On the issue of counterparty readiness, the reference architecture reveals even more counterparties and vendors that have to be ready and that you will have to test your process with:

But wait, there’s more! As far as the industry is concerned, not only do you and your counterparties have to be ready, but the entire ecosystem has to be ready, end-to-end. And the status for that is decidedly red.

Take the previous difficult test case and now extend it to a common industry chain. A broker starts the application, it closes with a mortgage banker who then sells it to a correspondent investor, who now runs Early Check or LQA on it, purchases it from the mortgage bank and then delivers it to Fannie or Freddie. It is known that this will not all work in July 2019.
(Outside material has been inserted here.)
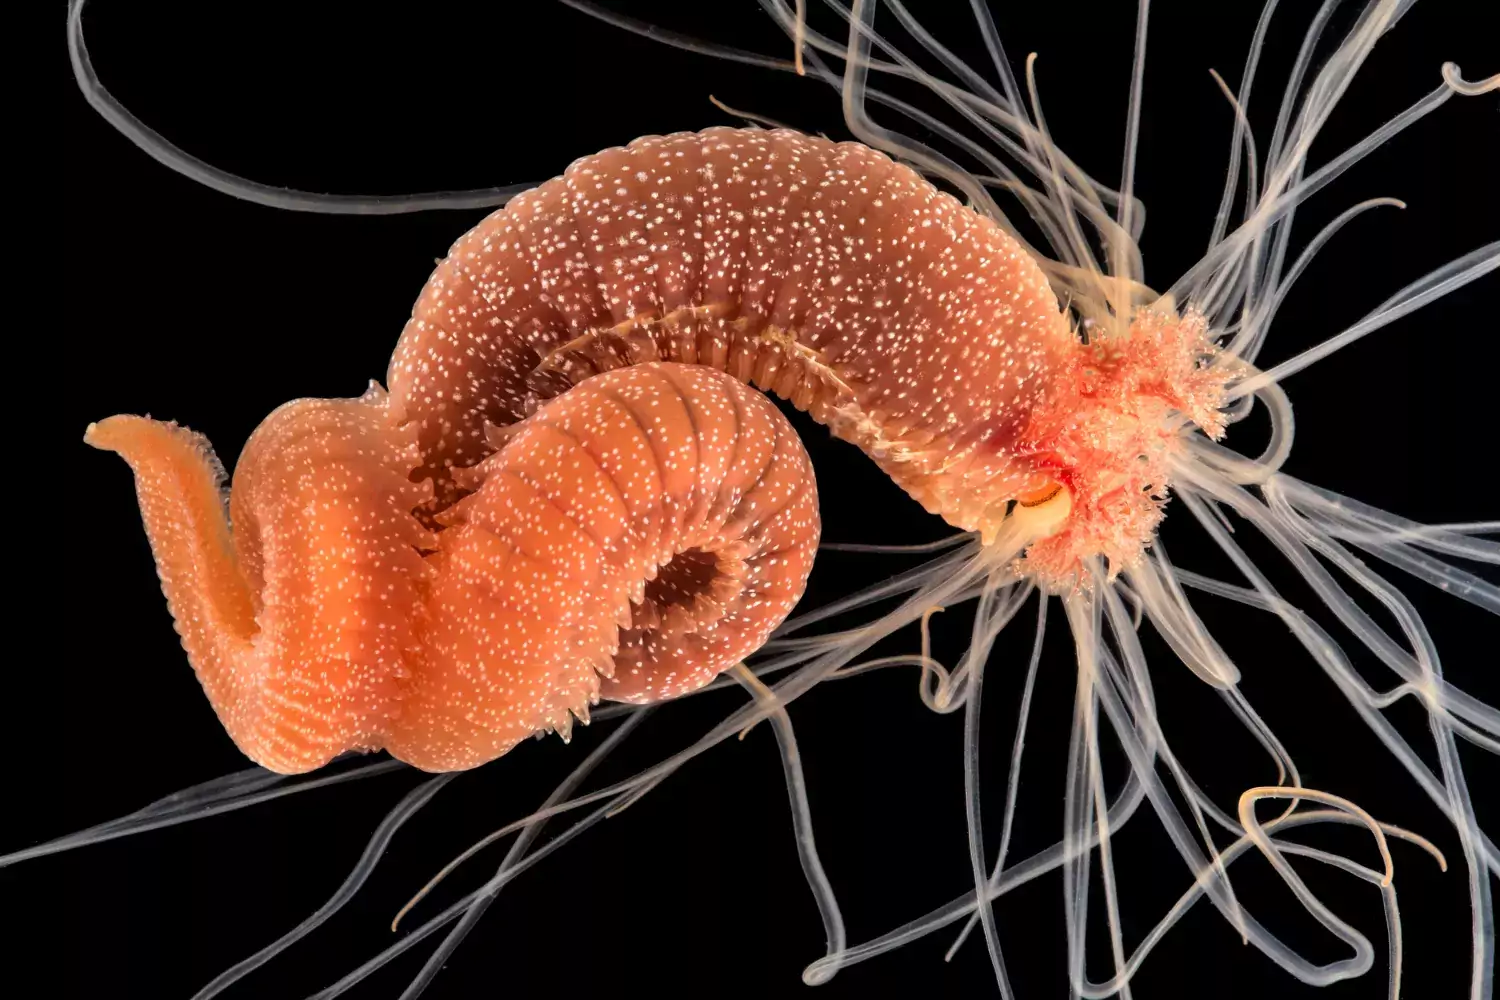 Eupolymnia nebulosa (svenskt namn saknas) är en rörbyggande havsborstmask och hör till gruppen spagettimaskar med syfte på tentakelkronan de har i framänden. Djuret på bilden är cirka 3 centimeter långt och har tagits ut ur sitt rör.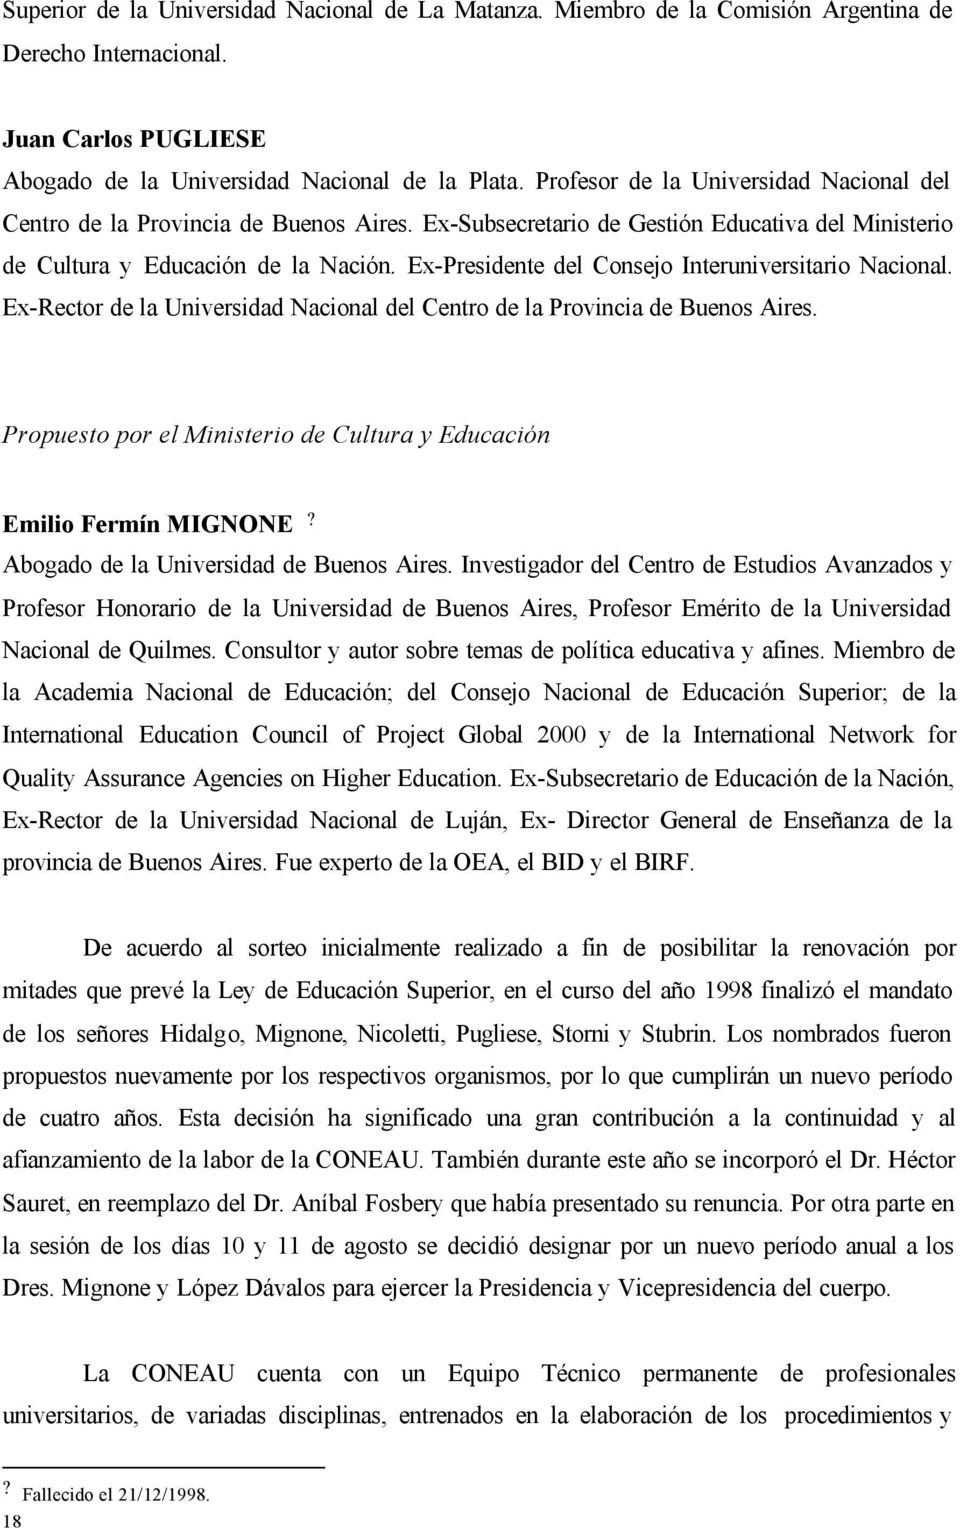 Ex-Presidente del Consejo Interuniversitario Nacional. Ex-Rector de la Universidad Nacional del Centro de la Provincia de Buenos Aires.

Here is what I gleaned from the MBA ResTech call from May 16^th, 2019:

Many individual vendors appear to be ready – but what that means is that they are ready to be tested in conjunction with other counterparties in the ecosystem
Not all components necessary for an agency correspondent transaction are ready
Correspondent Purchasers are starting to issue guidance that they will not purchase loans on the new URLA until 2020

It is CC Pace’s recommendation that every organization be extremely active monitoring the status of the new URLA both within and outside of their company; it is impossible that “our vendor is taking care of it all” is the right answer. This July through February represents a significant and much needed test period, not just for the systems and your process, but also for your compliance and training.

Some Correspondent Purchasers are issuing their own guidance on the matter. Have you?